La partida de Gasol nos deja huérfanos de sensaciones. Mendigos de básquetbol en continuado, pasajeros en noches de desvelo con libretos próximos a escribirse. Con límites destrozados a canastazos. Su salida pone las cosas en perspectiva y nos obliga a convertirnos en escapistas sistemáticos de la nostalgia. Allá va de nuevo ese jovencito de brazos infinitos y piernas estilizadas con el uniforme de los Grizzlies al viento.

El puño apretado en una corrida memorable que edifica una esperanza, el grito desaforado en el Saitama Green Arena que consuma una expectativa. El abrazo con Kobe Bryant que simboliza una amistad, la algarabía de victorias épicas bañadas de oro, la soledad de derrotas que solo comprenden quienes las protagonizan. Las caídas, los regresos, las risas y las lágrimas. El dolor, la aceptación y la templanza.

Kobe Bryant y Pau Gasol: compañeros y amigos inseparables hasta los últimos días. Andrew D. Bernstein/NBAE via Getty Images

El número 16 toma carrera por última vez y se eleva: vivirá para siempre en el cielo de estrellas de Los Ángeles.

Se va Gasol y con él se despide una parte de nosotros. Los que respetamos su juego pero mucho más sus valores. Los que quisimos que gane y los que le quisimos ganar. Los que nos alegramos y también los que lo sufrimos. Los que vimos el camino desde cero, a la vera de la ruta, con los dedos cruzados para que las cosas salgan como tenían que salir.

Los que aceptamos infinidad de veces que era mejor que nosotros. Los que lo sentimos distante pero también nuestro. Los que quisimos siempre que su ilusión se transforme en hecho. Para que la historia grande lo abrace como merece. Porque en tierra de caballeros, de deber ser, Gasol fue nave insignia. Jugador brillante, espíritu combativo, persona de excelencia.
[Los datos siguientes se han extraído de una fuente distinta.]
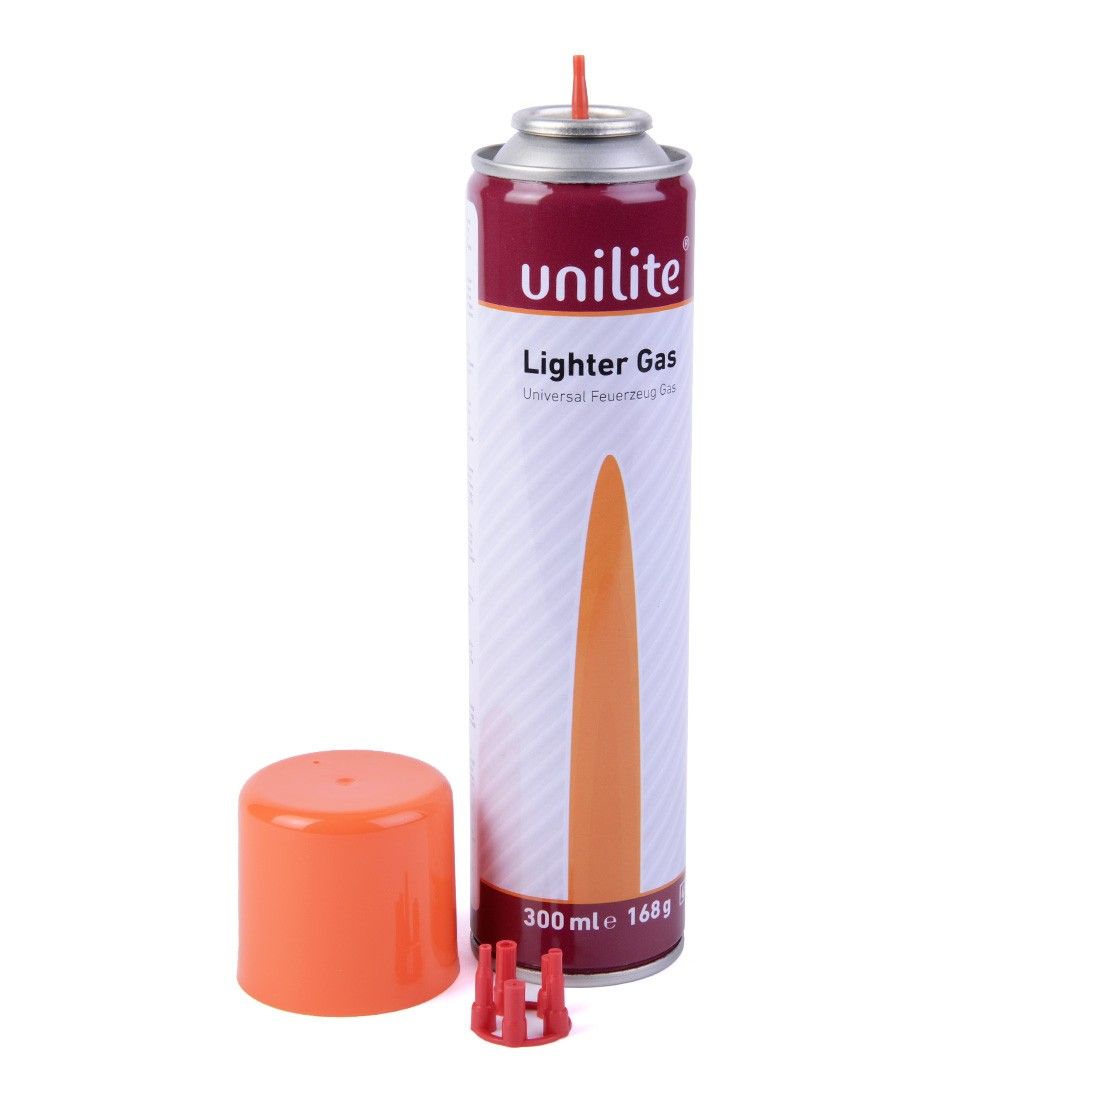 UNILITE ® U-828 02 briquet électronique (rouge/noir, AS/ABS, 18g) comme  goodies d'entreprise Sur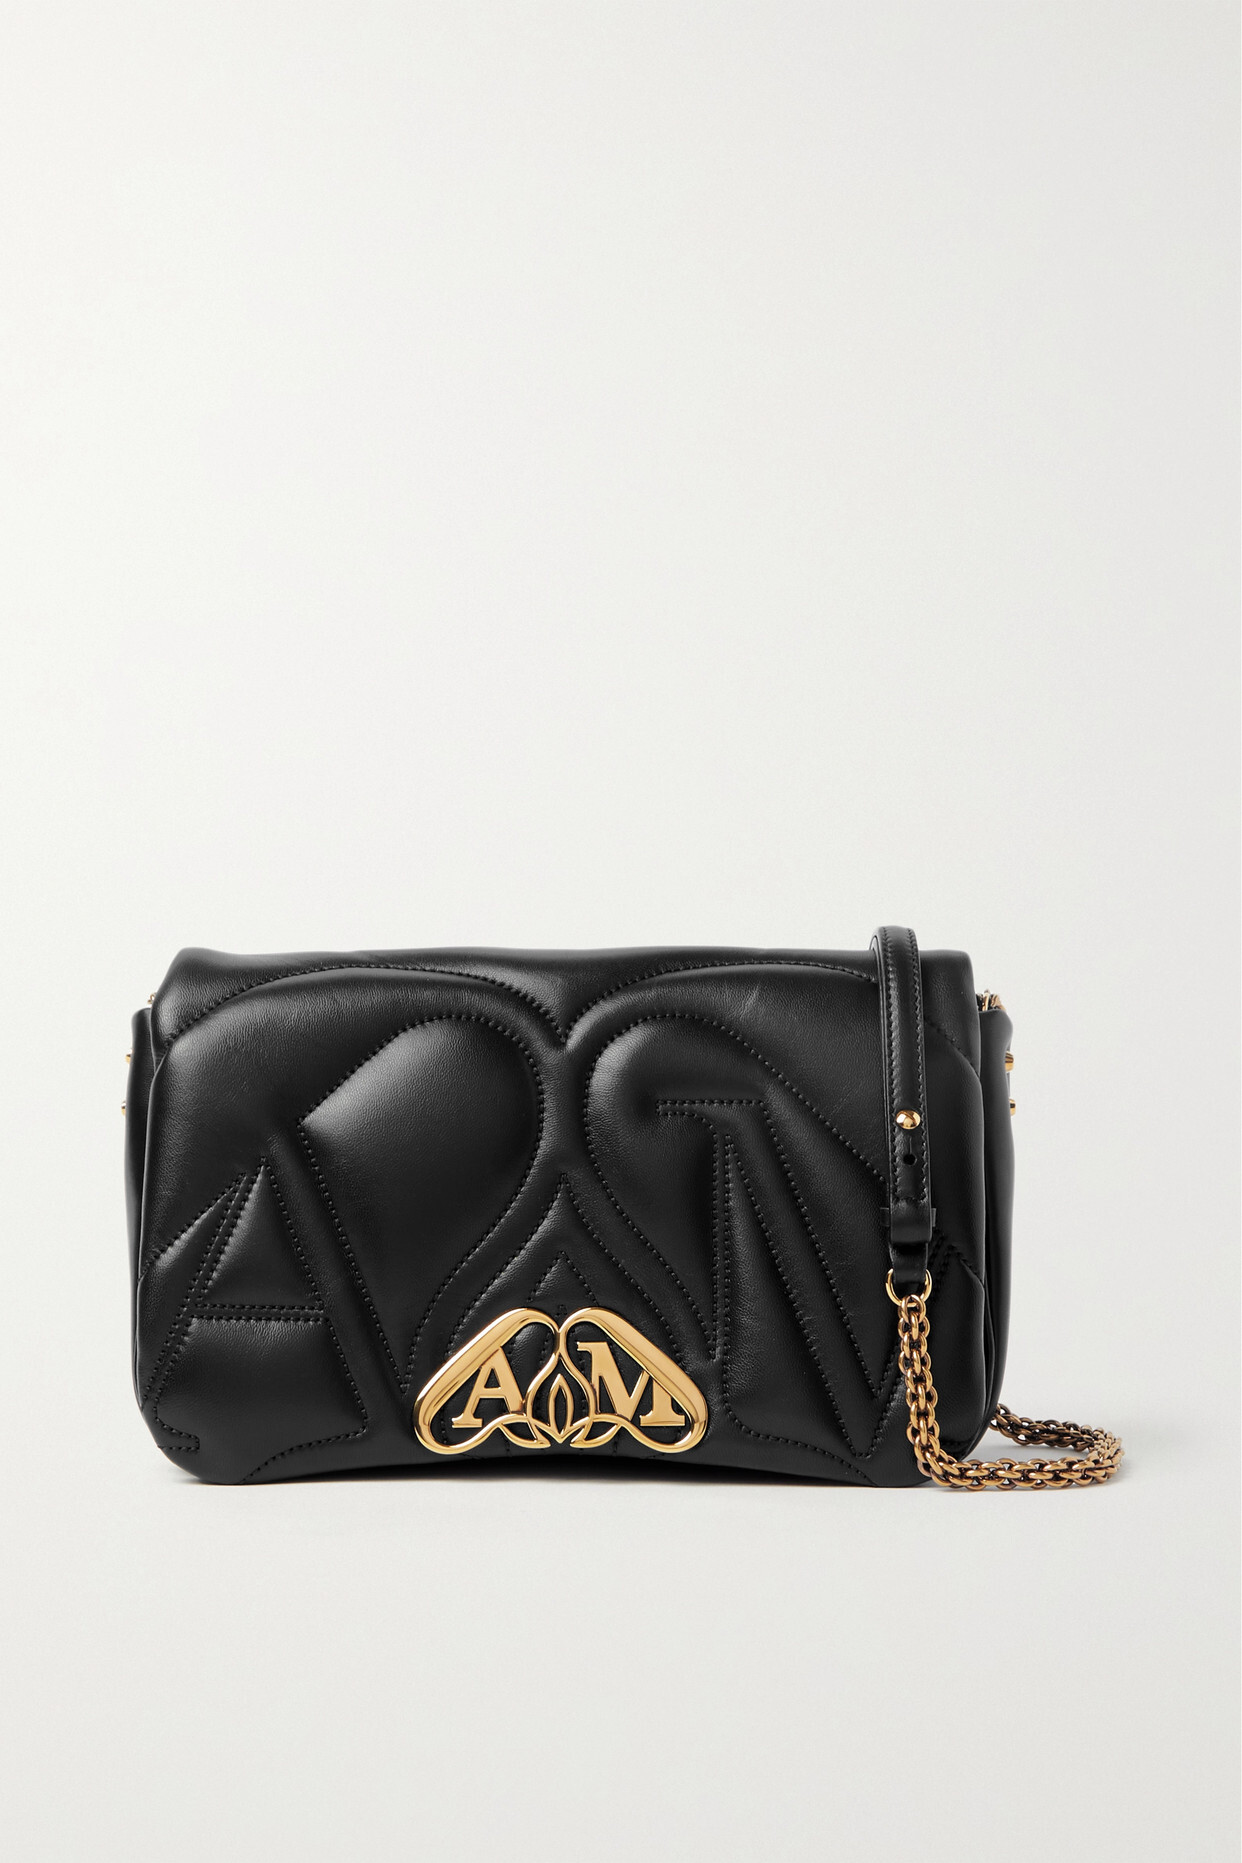 Alexander McQueen - Exploded Seal Embellished Quilted Leather Shoulder Bag - Black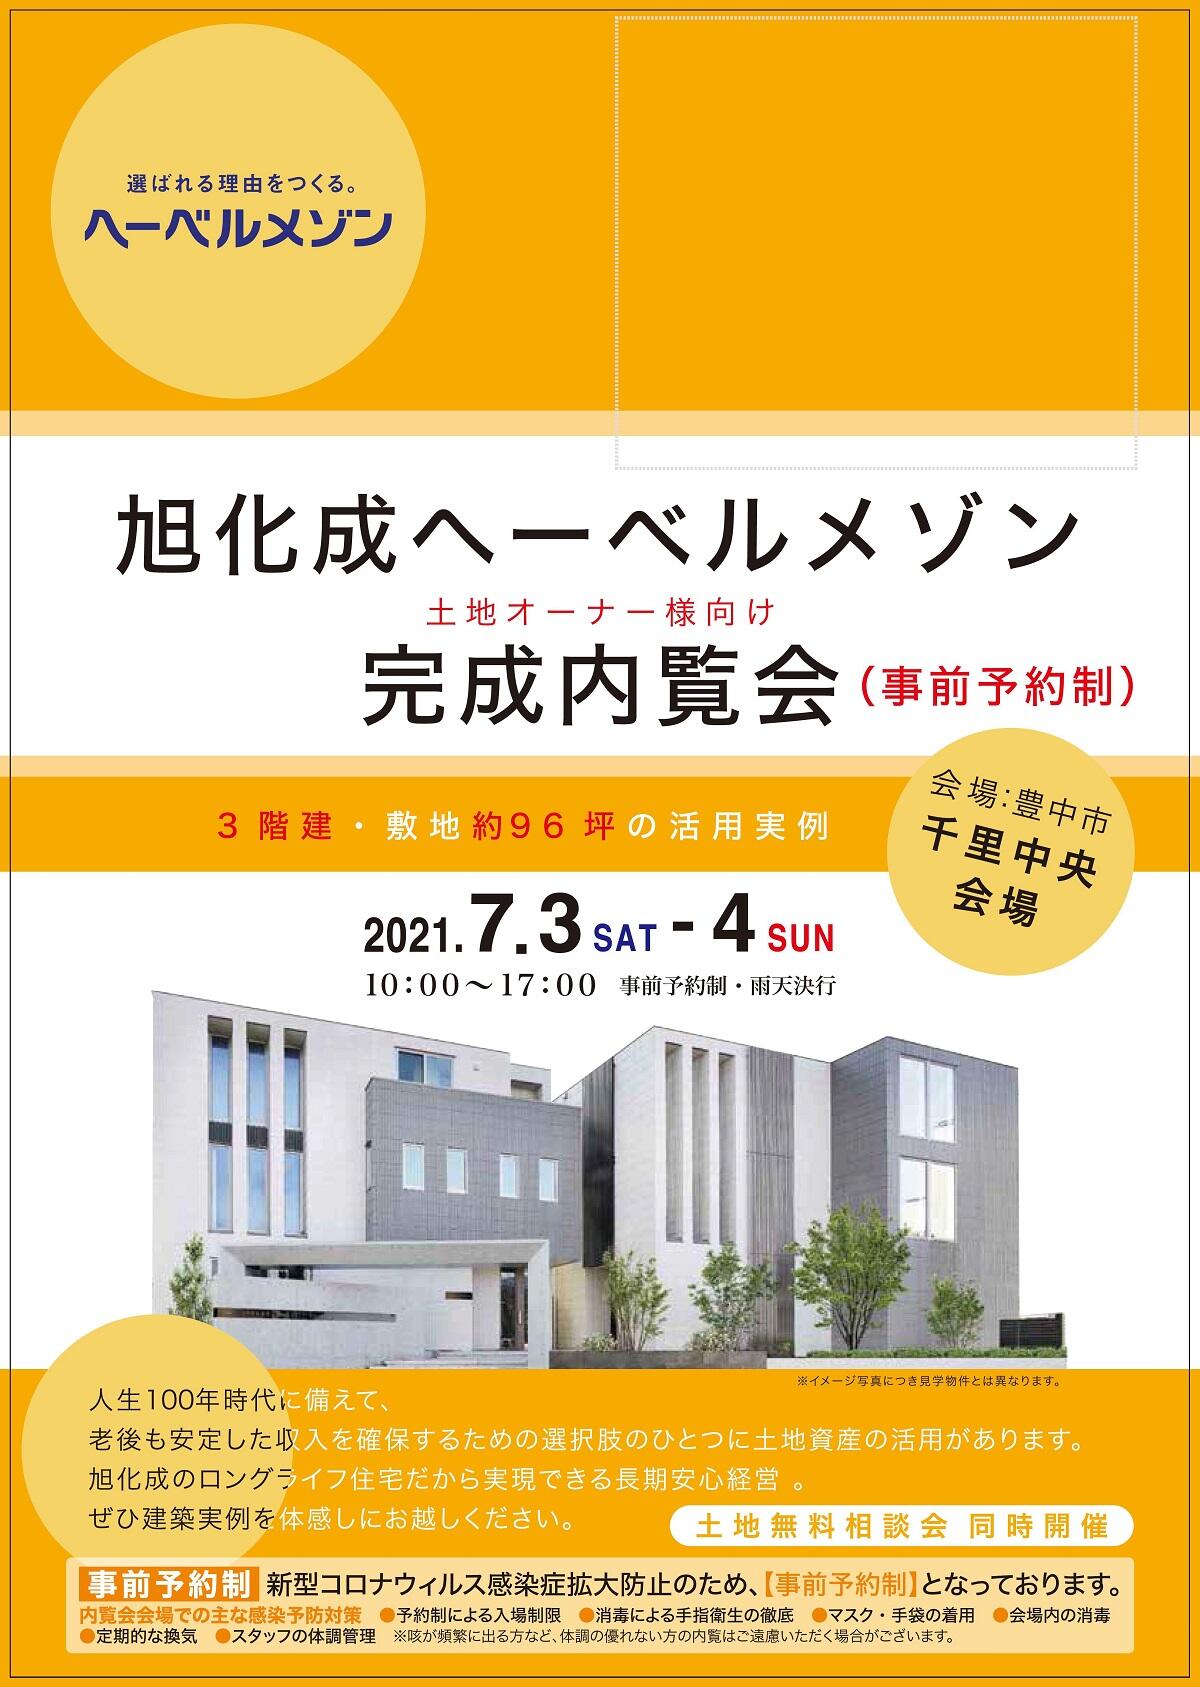 https://www.asahi-kasei.co.jp/maison/hebelplaza/blog/18/osaka/item/2021/20210628-2.jpg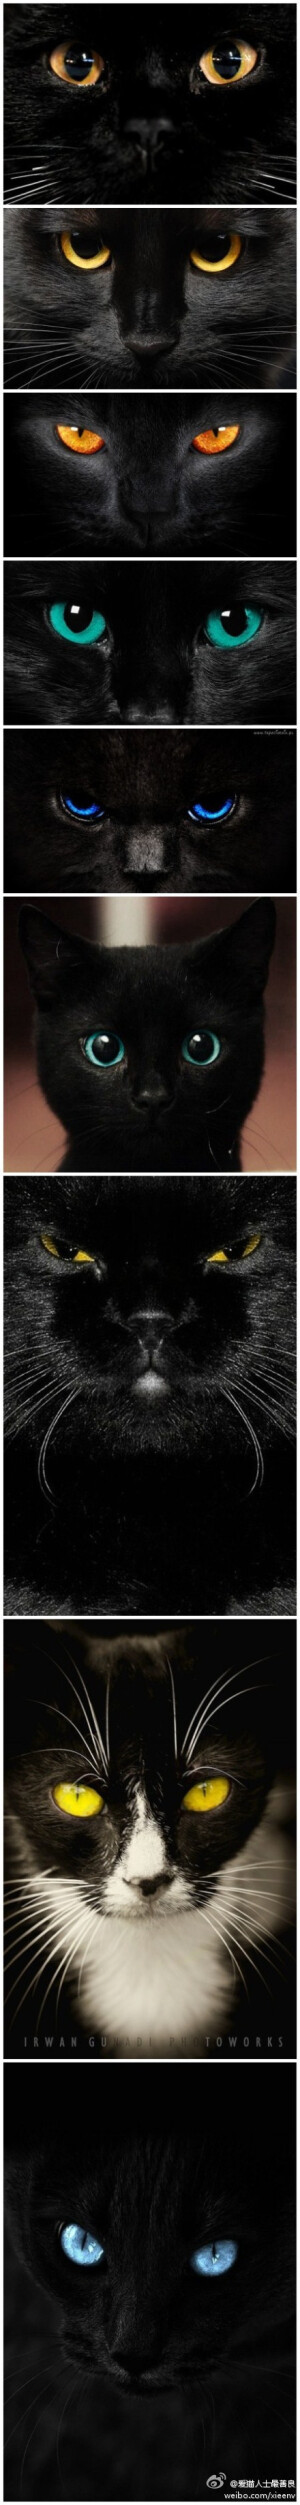 黑猫之眼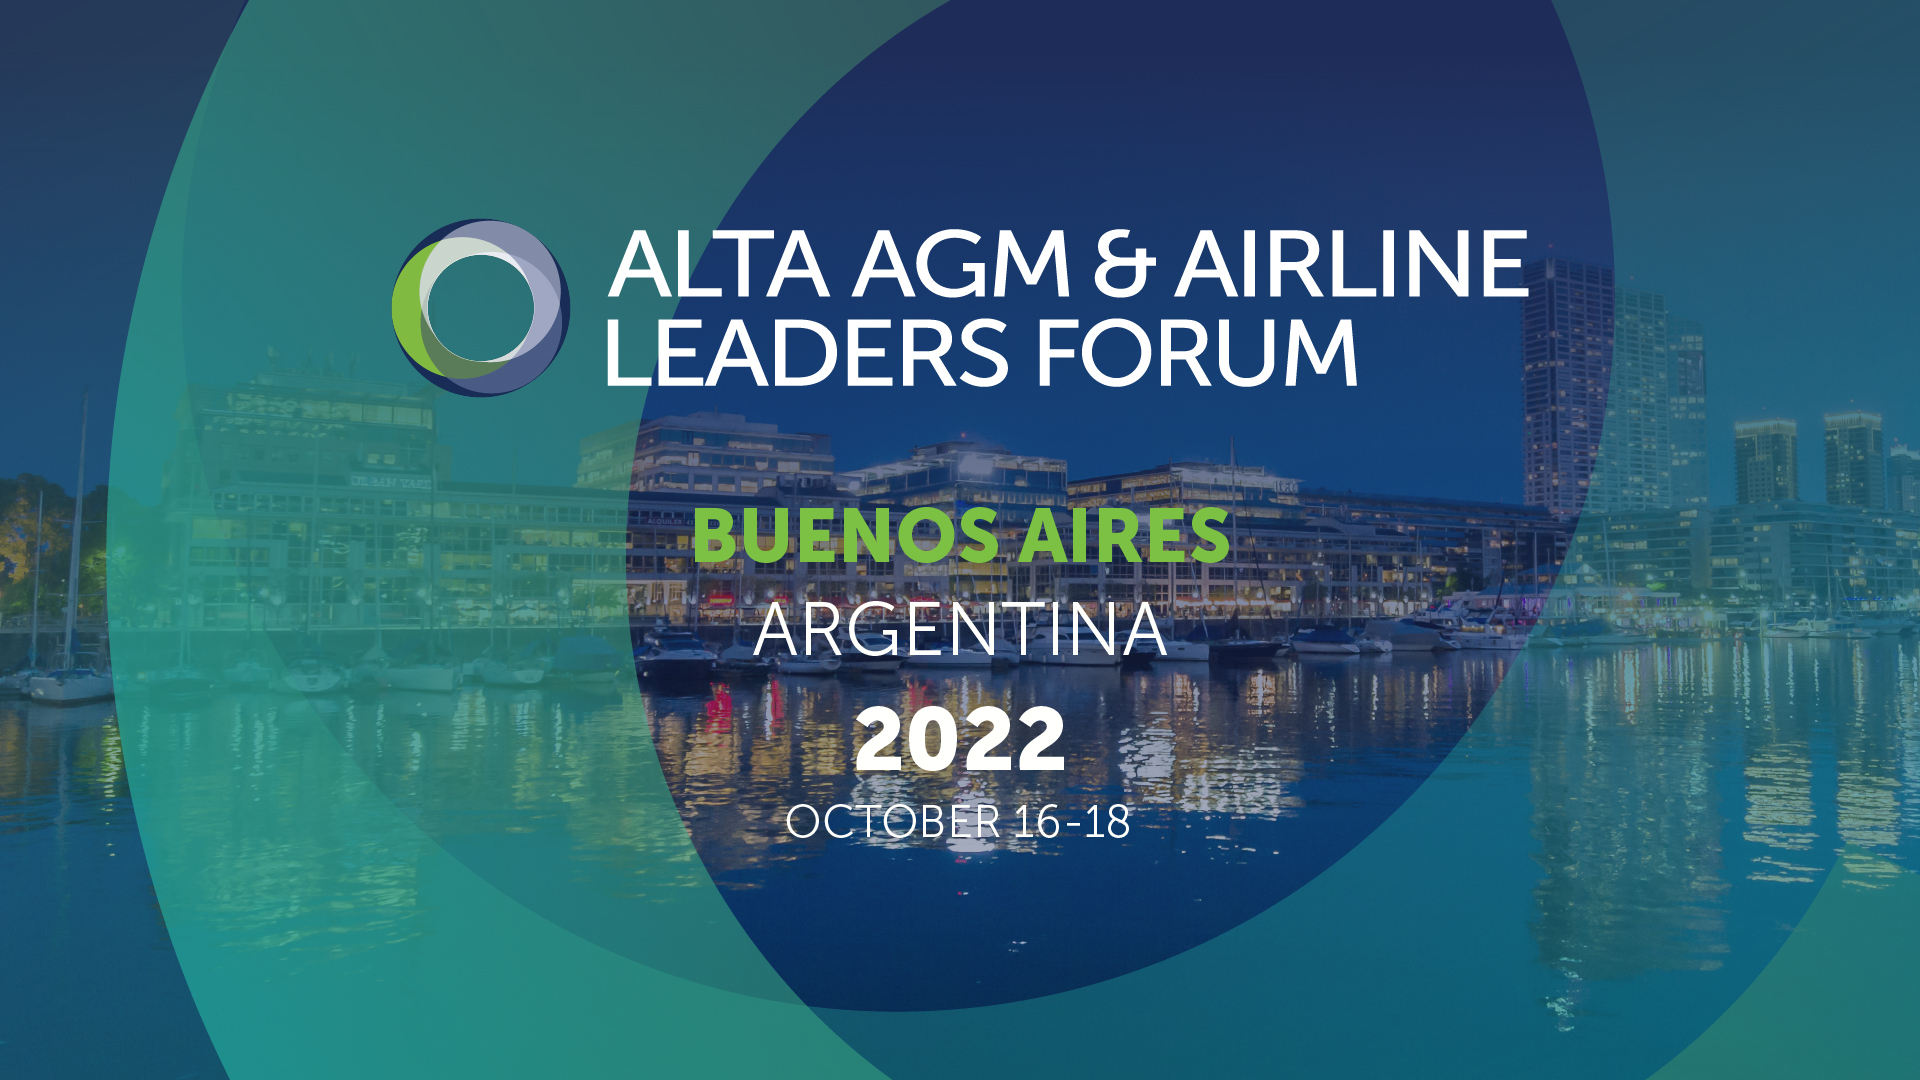 ALTA NEWS - Argentina recebe líderes da aviação da América Latina e Caribe no Fórum de Líderes da ALTA AGM & Airline

¿Cuántos seres humanos están en condiciones de reunir atributos así? El éxito se mide en títulos pero mucho más en conceptos.

Llegarán nuevos equipos, nuevas estrellas y nuevos torneos. El brillo de quienes se fueron pasará a quienes llegan. El dinamismo lógico de la juventud, entonces, apresurará conclusiones, la velocidad del impacto seducirá a nuevos entusiastas a olvidar lo que supo ser. Intentarán que lo dejemos ir. Dirán que eso ya es parte del pasado, que saludemos a los nuevos tiempos. Pero allí estaremos nosotros, sus contemporáneos, para proteger su legado. Para obligarlos a volver las veces que haga falta. Para combatir, hasta el último suspiro, para que ese mundo no muera, para que los pósters colgados de la habitación tengan sentido. Para que la época que invita a tocar fin encuentre siempre una pieza más por bailar.

«¿Ustedes vieron jugar a Pau Gasol?». Y en ese preciso momento, tendré una gran historia para contarles.